Hey guys, hope everything is going well for all of you. About 3 weeks ago I finished my junior year in high school and my friends sure weren't kidding saying that it was going to be my most hardest year of high school. However, it was for all the wrong reasons. Lots of thought provoking, confusing, hating myself, and emotional moments happened throughout my junior year that made it hard for me to concentrate on my schooling and I barely made it through, among many other things. Reason why I haven't spoken much until now is because I'm still dealing with dark days, It's stuff I would prefer not to go too much into detail about. But now I'm just trying to force myself through this feeling of worthlessness, self hatred, and confusion so I don't just sit here and not do anything productive because I want to believe I can prove myself to have some worth.

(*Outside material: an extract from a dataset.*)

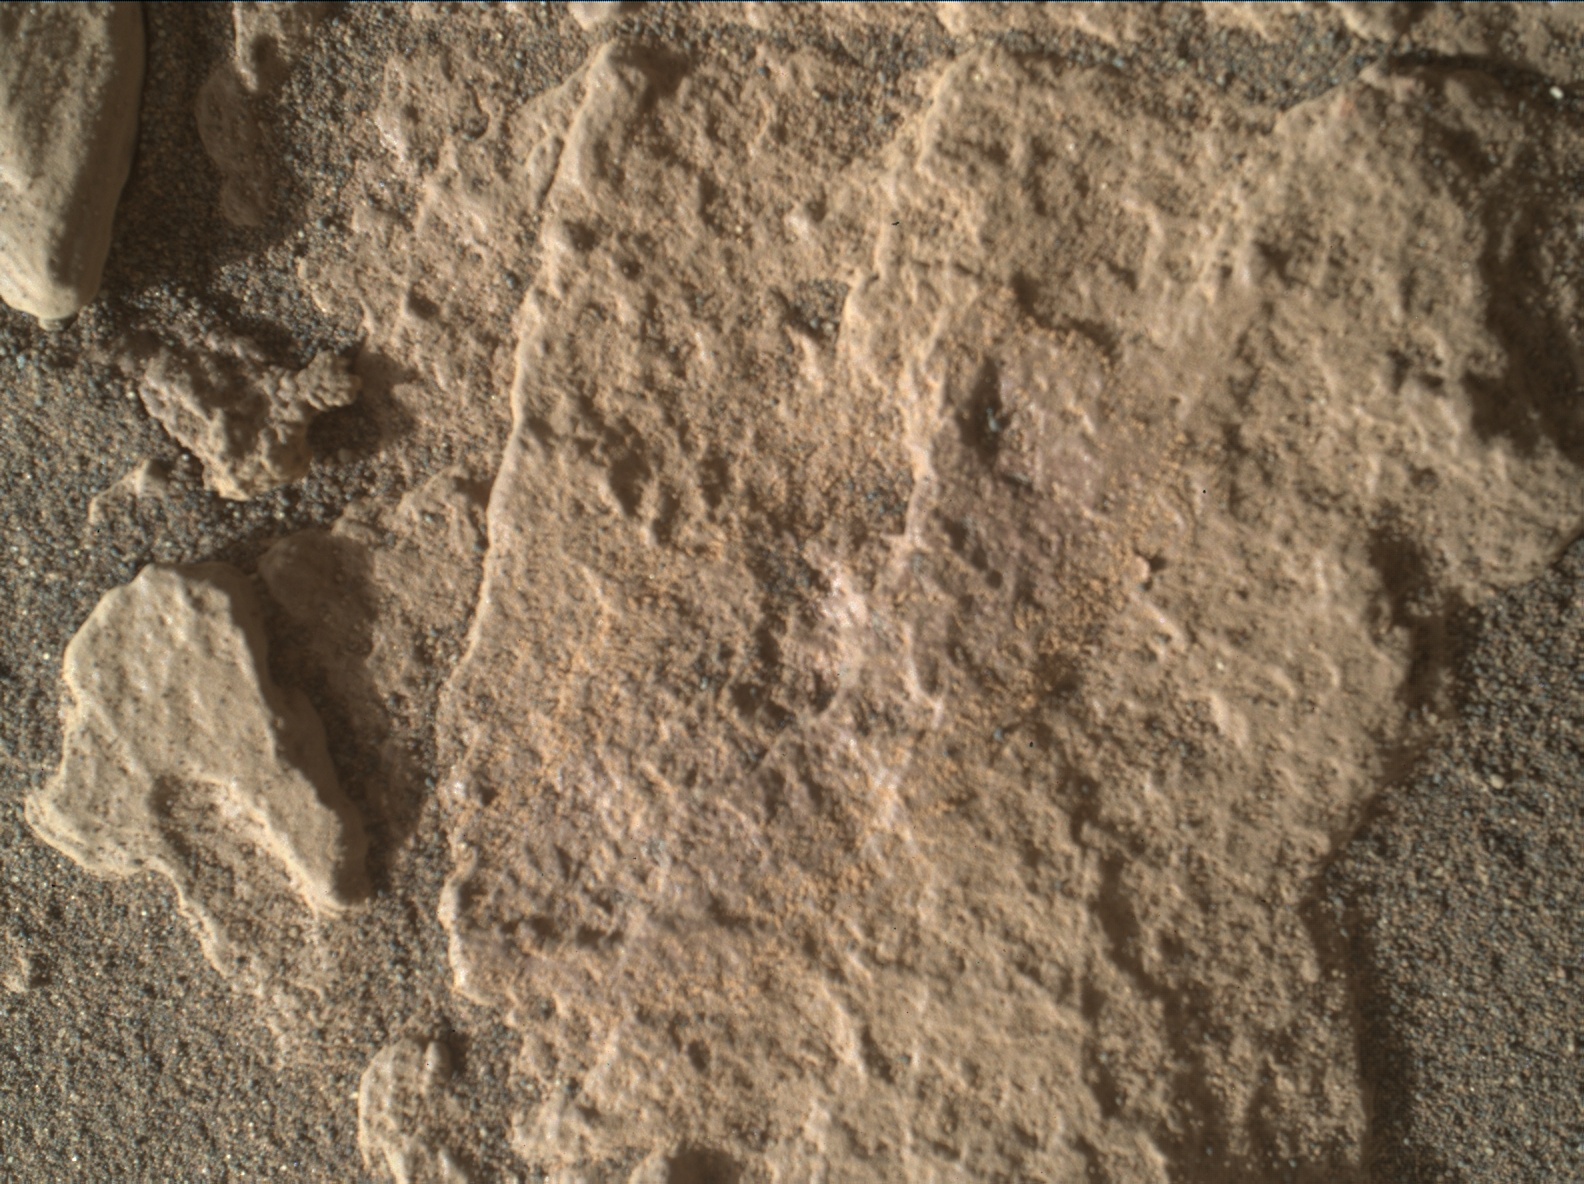 Nasa's Mars rover Curiosity acquired this image using its Mars Hand Lens Imager (MAHLI) on Sol 1947

Or at least find it. I want to find it in time so I can save what I have and be able to do what I truly want to do in life, which is making 3D models and eventually making 3D animations in Poser Pro to animate my stories. I know that's a very big long shot, since I'm no Monty Oum or Shane Newville in terms of animation, but I'm willing to work hard for long periods of time to at least get close to that once I get the chance to start animating when I get Poser for my 18th birthday. So from now on I'll do my best to keep pushing on through, keep working hard, and be responsive no matter how much I'm hurting.

Again, I'm very sorry for not being active much but that's what depression does to you I guess. Anyway, that's all I wanted to say, only got half of summer vacation left so might as well try my best to enjoy it by working on my dream and interacting with you guys. Only one more year left now with high school, time sure flies.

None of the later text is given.